## [Requirement]
Please give the listing again in full, leaving out its images.

--- Stored data Enclosed Below ---

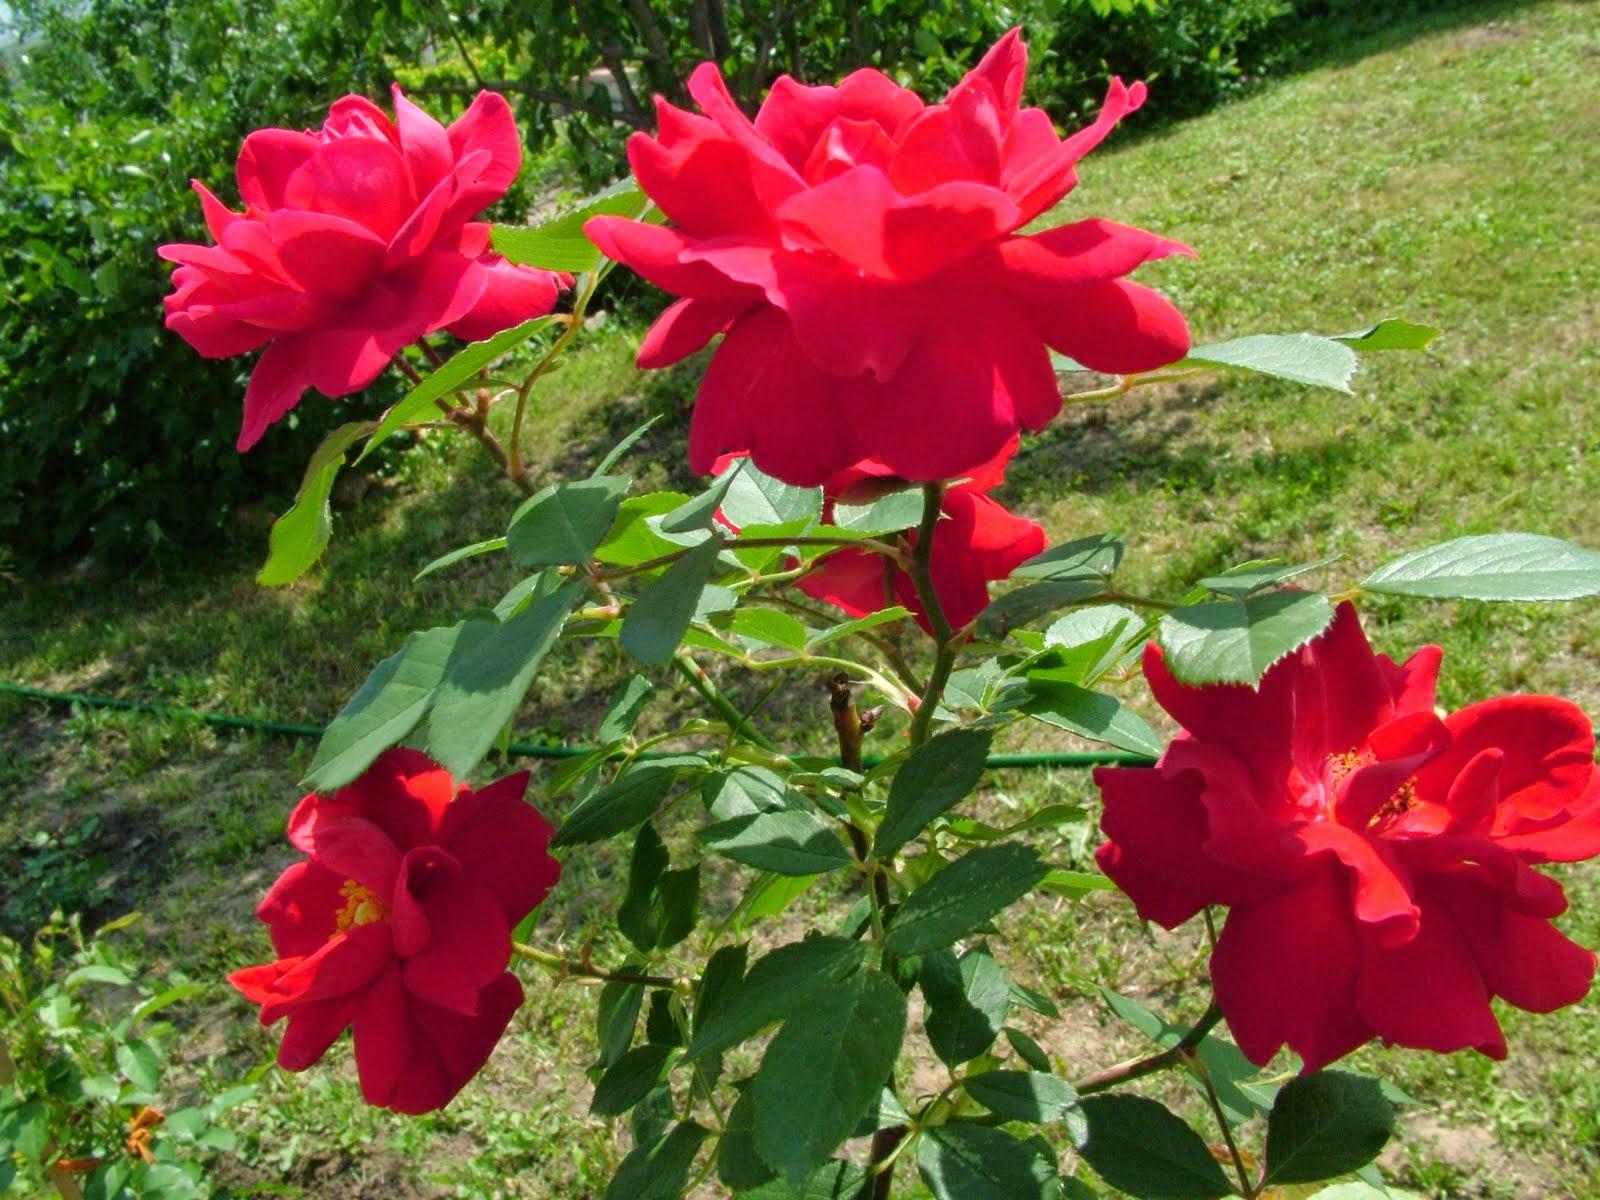 بالصور صور ورد حلوه , احلى باقه صور من الورود 6161 9
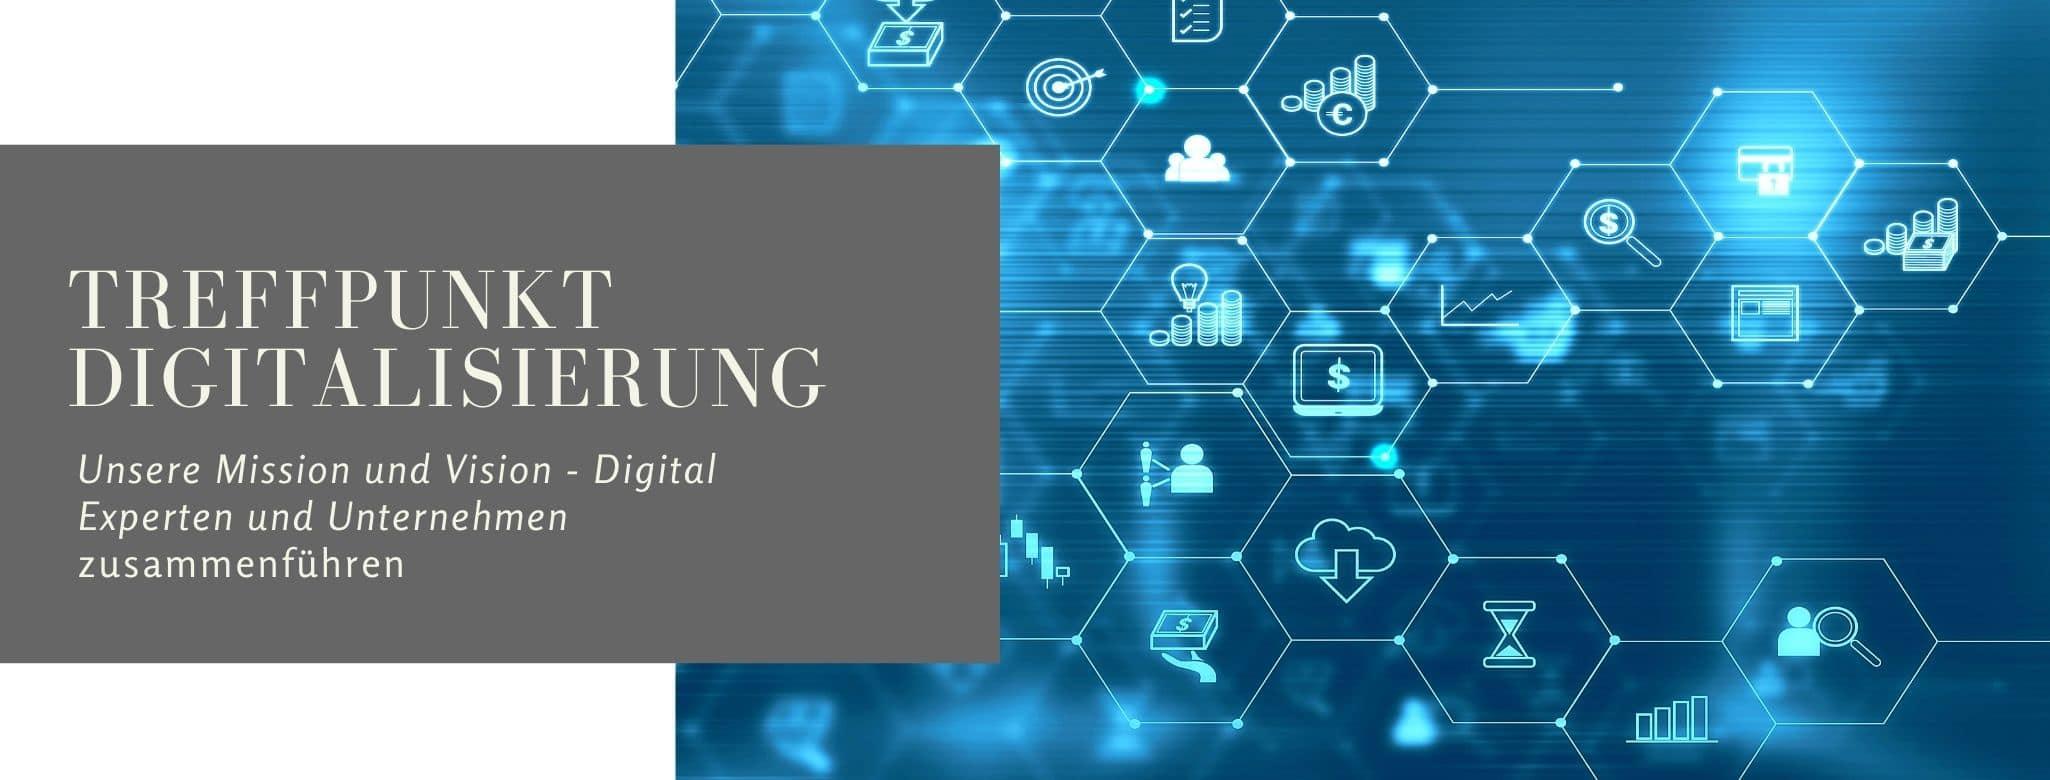 Treffpunkt Digitalisierung
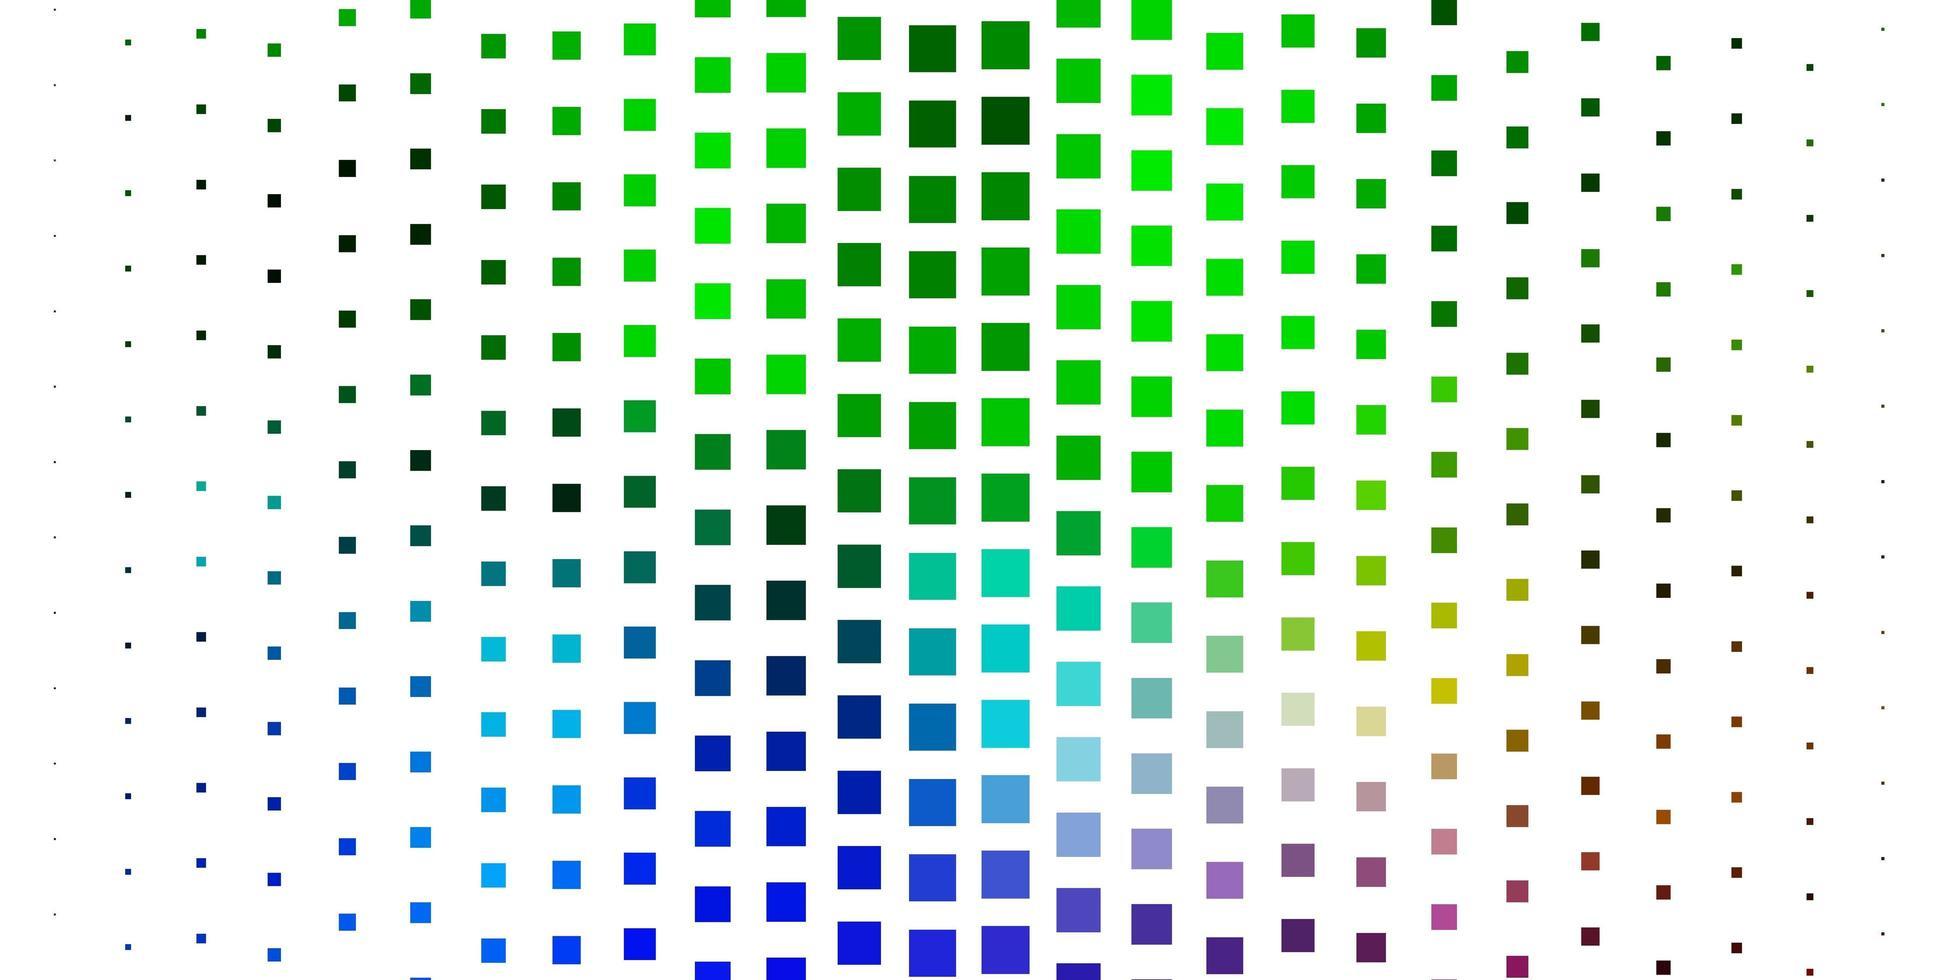 modelo de vetor multicolor de luz em retângulos.
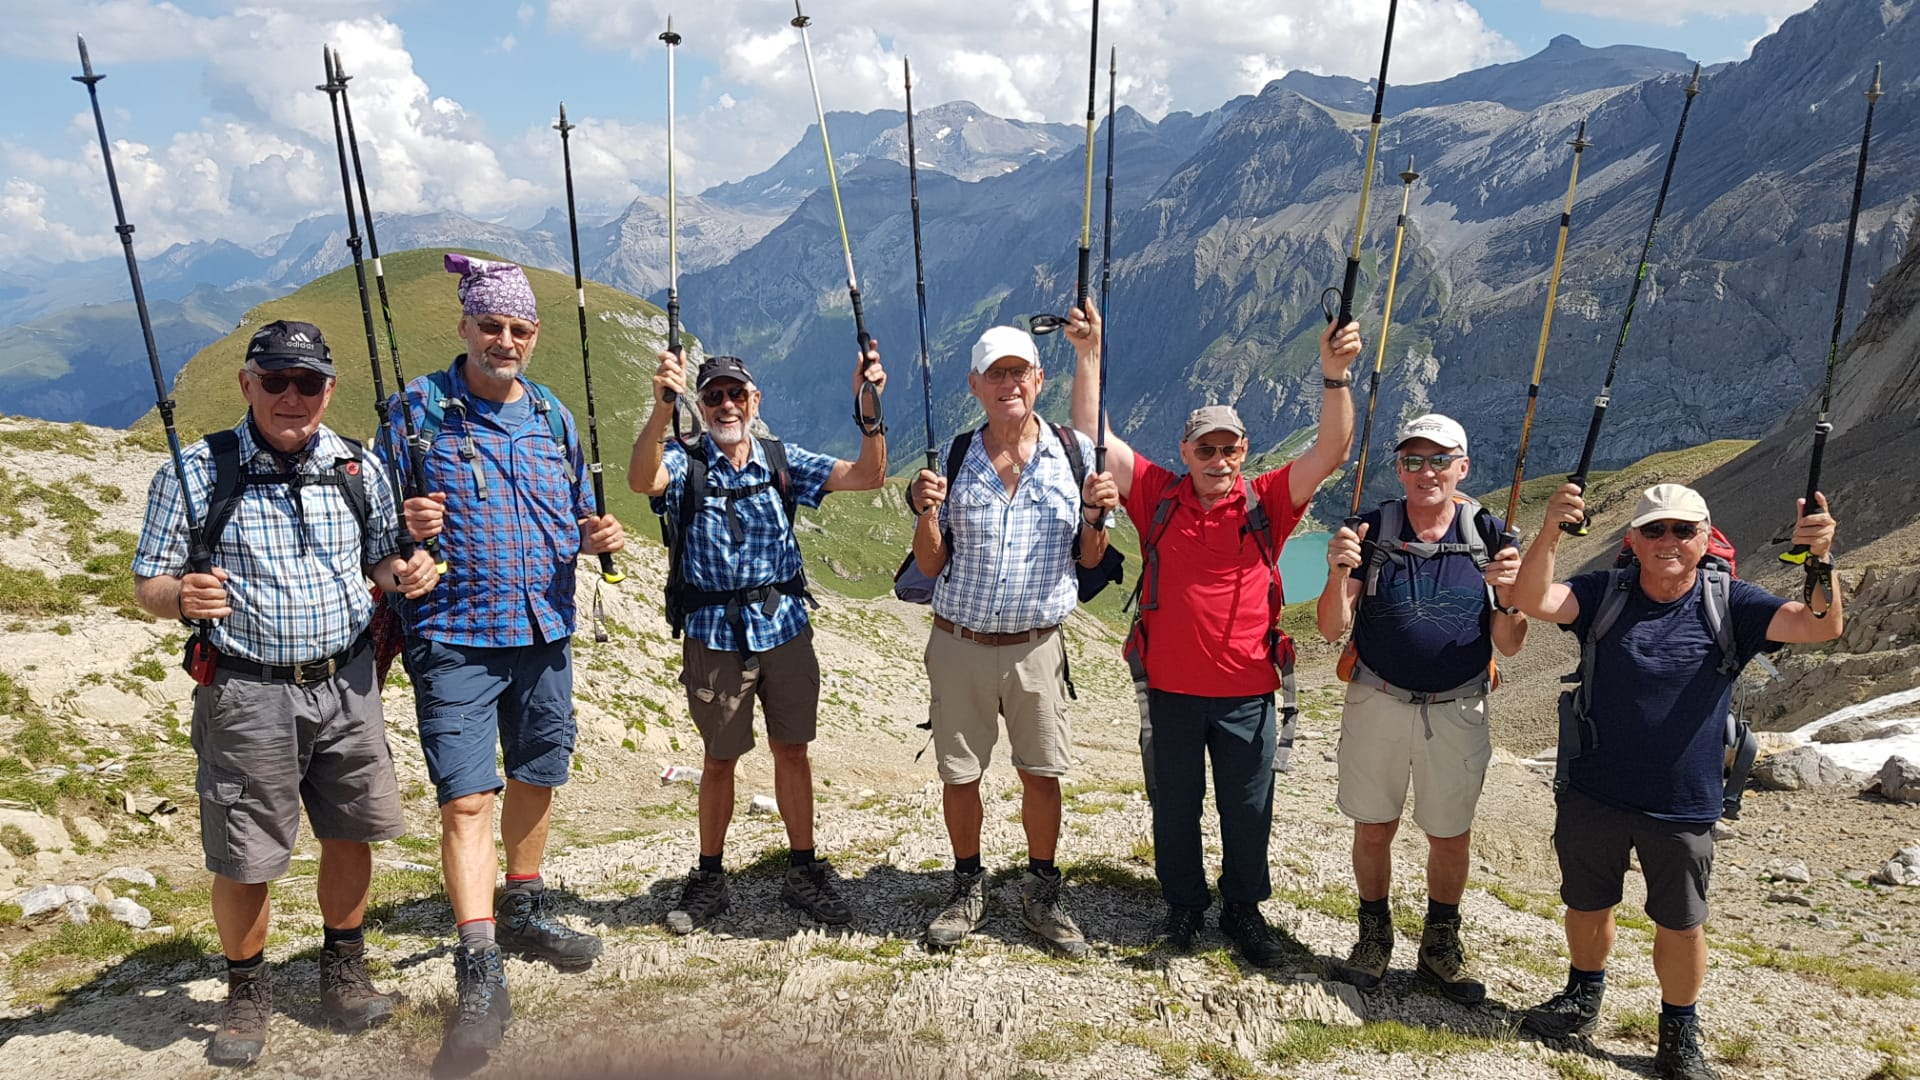 2019-08-30 Röstigraben 21. Etappe Lauenensee - Iffigenalp

--- End of Enclosed Stored data ---

## [Result]
 بالصور صور ورد حلوه , احلى باقه صور من الورود 6161 9
 Treffpunkt Digitalisierung
 modelo de vetor multicolor de luz em retângulos.
 2019-08-30 Röstigraben 21. Etappe Lauenensee - Iffigenalp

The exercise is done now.